Il y a les 3 principes :

  • 1er principe : maitriser le flux de bout en bout depuis la phase de développement jusqu’à la mise à disposition à l’utilisateur. Pour optimiser ce flux, il faut des petites itérations et avoir en objectif un but global à l’entreprise (et non local à l’IT). Par ailleurs, on évite les retours en arrière dans le processus, cela est signe d’un dysfonctionnement. Il faut voir le flux comme uni-directionnel allant du développement vers l’utilisateur. Les pratiqes associées tournent alors principalement autour de l’intégration continue et du déploiement continu.
  • 2nd principe : avoir une boucle de feedbacks permanente permettant de faire de l’amélioration continue. Cela permet d’améliorer la qualité du code source et de créer/formaliser la connaissance autour du projet. La pratique consiste donc à mesurer/évaluer les différentes étapes et à les faire évoluer au fur et à mesure.
  • 3ème principe : créer une culture qui permet l’expérimentation en permettant la prise de risque & des apprentissages rapides d’une part et d’autre part en considérant que la répétition et la pratique sont requis pour avois plus de maitrise et de confiance dans le process.

Il y a 4 types de travail dans l’IT :

  • Les projets métiers,
  • Les projets internes à l’IT
  • Les changements
  • Le travail innatendu (incidents, activité non planifiée, etc)

Il y a alors 4 enjeux :

  • Identifier et rendre visible ces 4 types de travaux afin de pouvoir s’organiser, estimer son travail et planifier en conséquence,
  • Garder le contrôle / Maitriser le travail innatendu vu qu’il est le plus perturbateur et apporte le moins de valeur.
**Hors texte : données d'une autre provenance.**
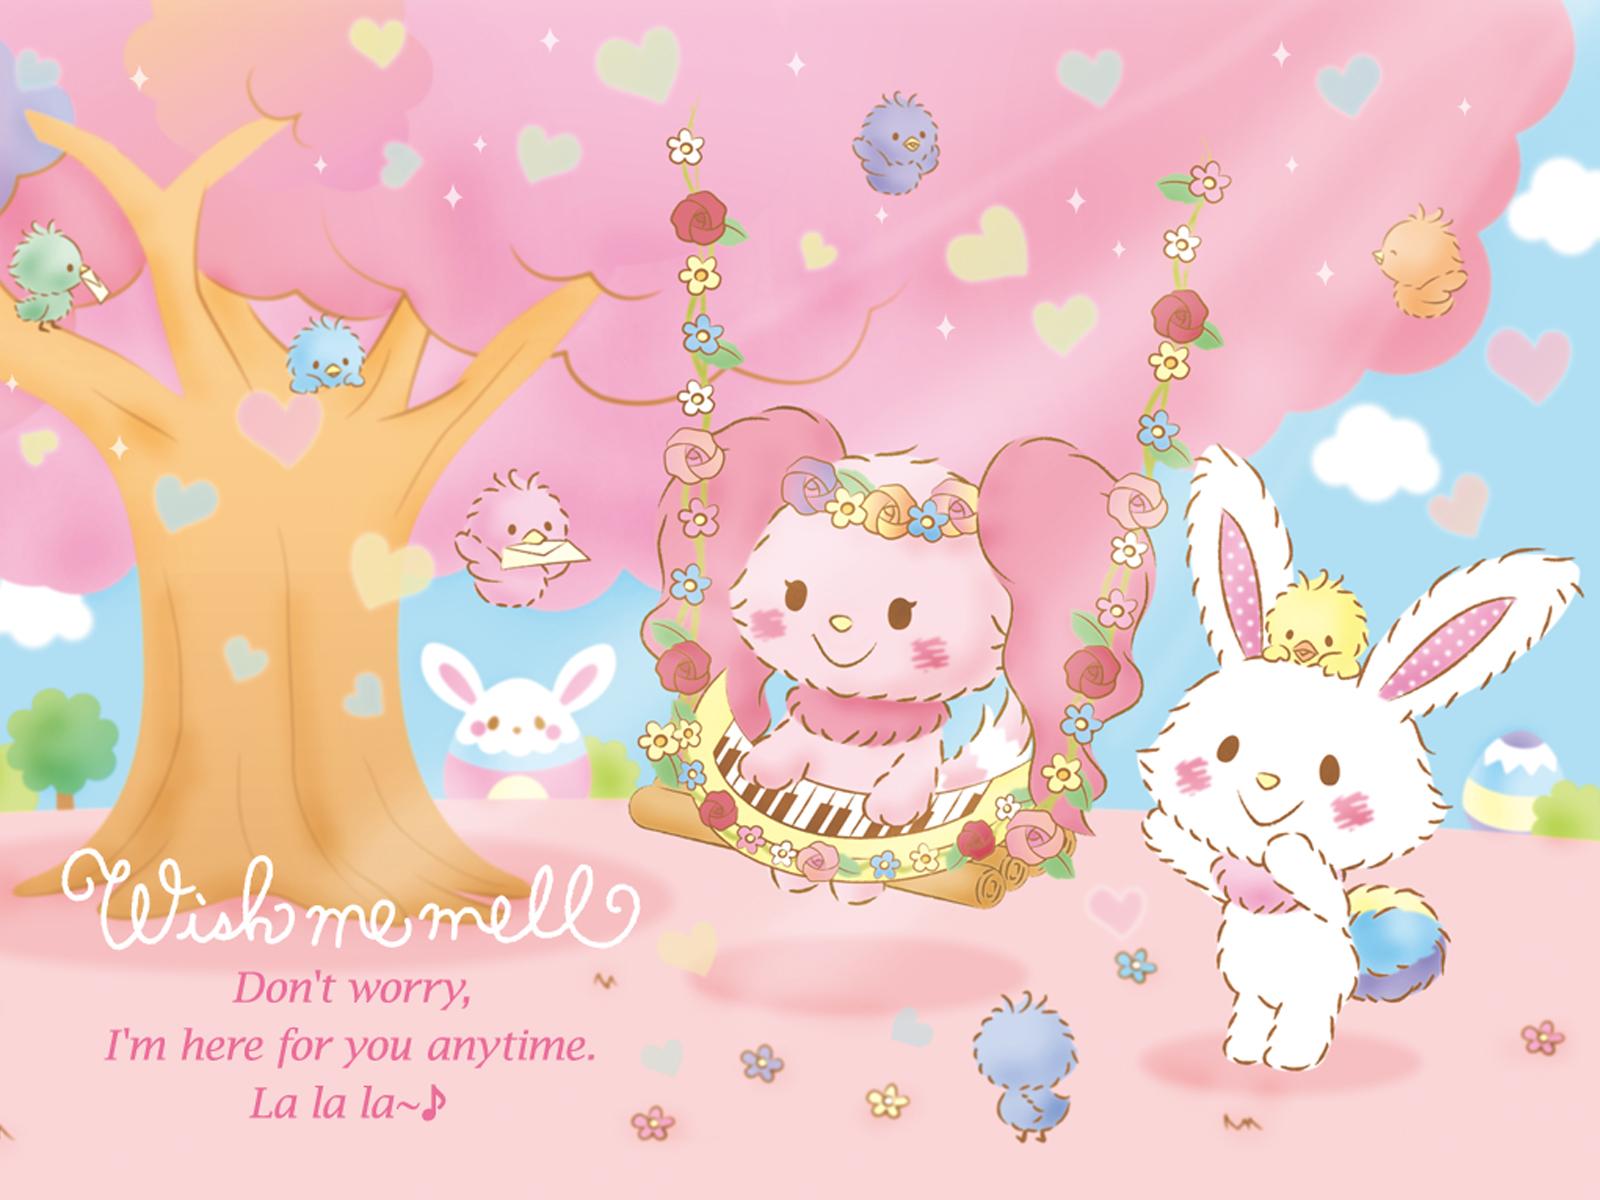 cute kitten live wallpaper

Quand on travaille sur ce travail innatendu, on perd du temps sur les 3 autres types de travaux.
  • Identifier le “Work in process”, à savoir le travail en cours et qui mobilise alors tout ou partie de la chaine de travail. Les analogies avec la gestion d’une usine permettent d’avoir une meilleure vision des choses et rendre nos flux IT plus concrets.
  • Identifier les contraintes et faire en sorte de les réduire/lever.

On retrouve également le thème habituel des démarches Agiles/Lean/DevOps avec tout le travail autour de la notion de valeur pour l’entreprise et pas uniquement pour la partie IT. Il faut se concentrer sur des éléments apportant de la valeur, de petite taille pour ne pas bloquer la chaine et pouvoir être envoyer en production rapidement. Le livre montre également des contre-exemples comme des contraintes de sécurité que l’équipe cherche à s’imposer alors que le risque d’une part est géré par ailleurs (autres départements) et qu’appliquer des correctifs n’apporte aucune valeur à l’entreprise d’une part et d’autre part compromet sa capacité à avancer.
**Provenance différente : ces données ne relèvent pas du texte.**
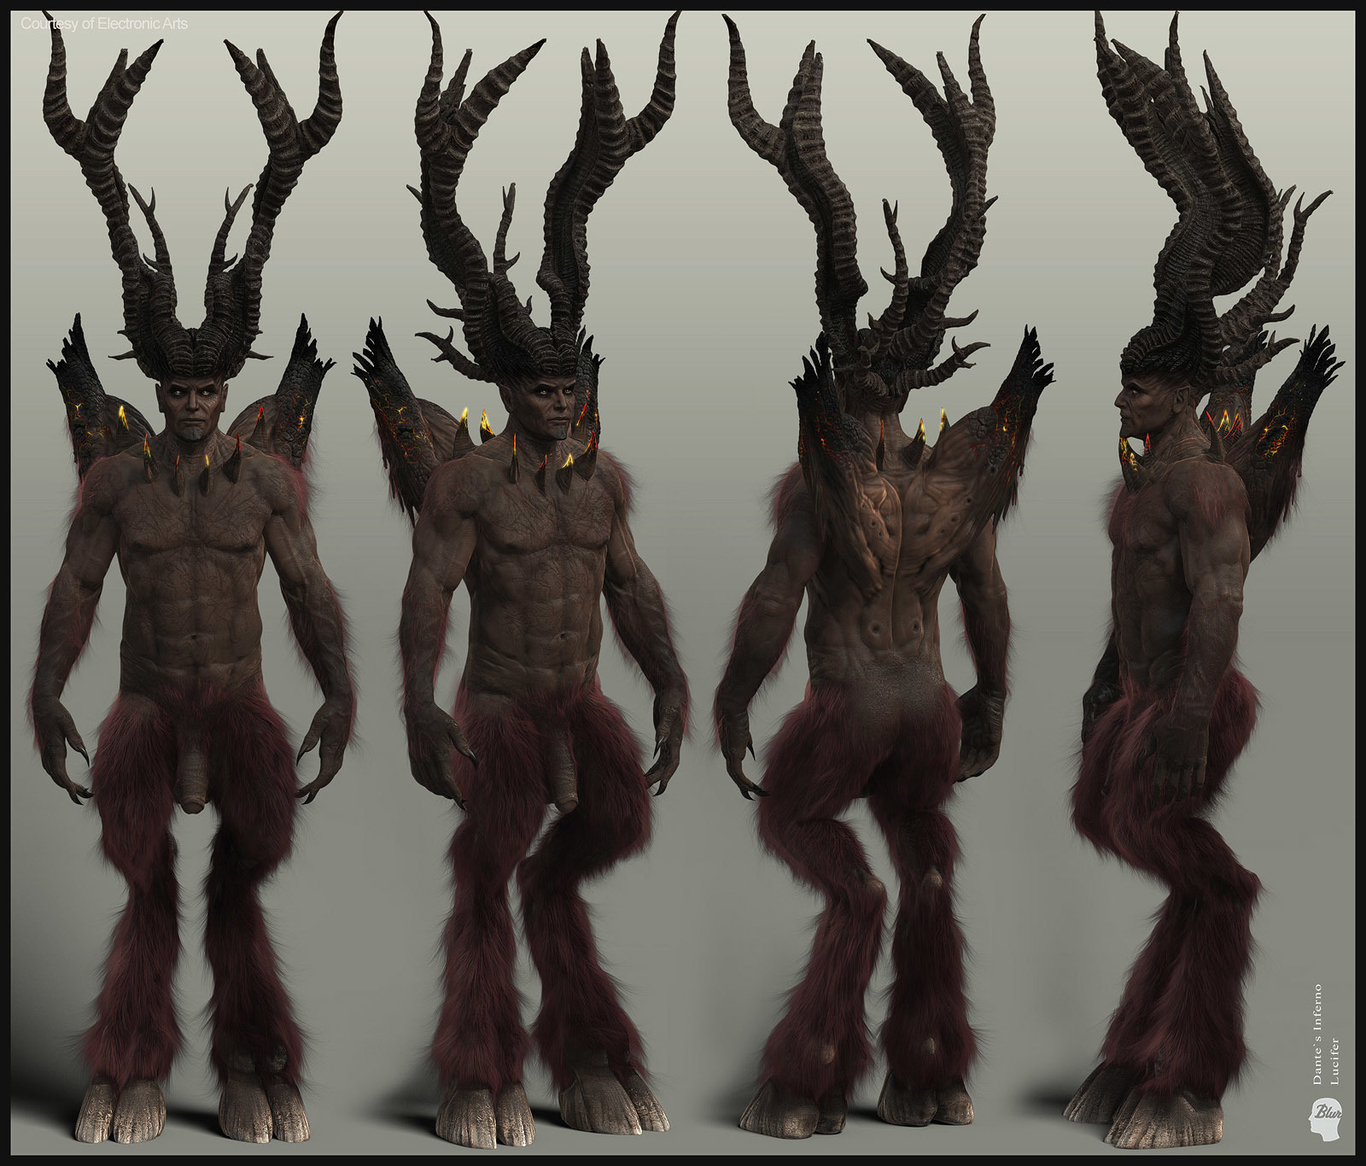 Lucifer Dante S Inferno By Baldasseroni 3d Cgsociety

Une statistique intéressante est celle du temps d’attente d’une personne (time wait) : elle rapporte le temps d’occupation au temps de disponibilité d’une personne. Si une personne est dispo à 5050, le taux est de 1 et il faut attendre 1 unité de temps pour qu’elle fasse la tâche dont vous avez besoin. A l’inverse, une personne occupée à 90% a un taux d’attente de 9 unités de temps. Même si la réalisation de la tâche par cette personne est rapide, il vous faudra attendre 9 unités de temps pour qu’elle le fasse. On crée et identifie alors rapidement des goulets d’étranglements dans votre process de création de valeur qu’il faudra traiter. Pour bien donner l’idée, si un process requiert l’intervention de 7 personnes occupées à 90% du temps, il faudra alors 63 unités de temps pour réaliser l’action.

Au final un livre rapide et agréable à livre. Vous pourrez avoir la sensation que le livre raconte votre project actuel (ou des projets passés) à de nombreuses reprises. Vous pourrez alors évaluer les progrès de votre entreprise au regard des transformations opérées dans le livre et voir si vous êtes en phase ou pas.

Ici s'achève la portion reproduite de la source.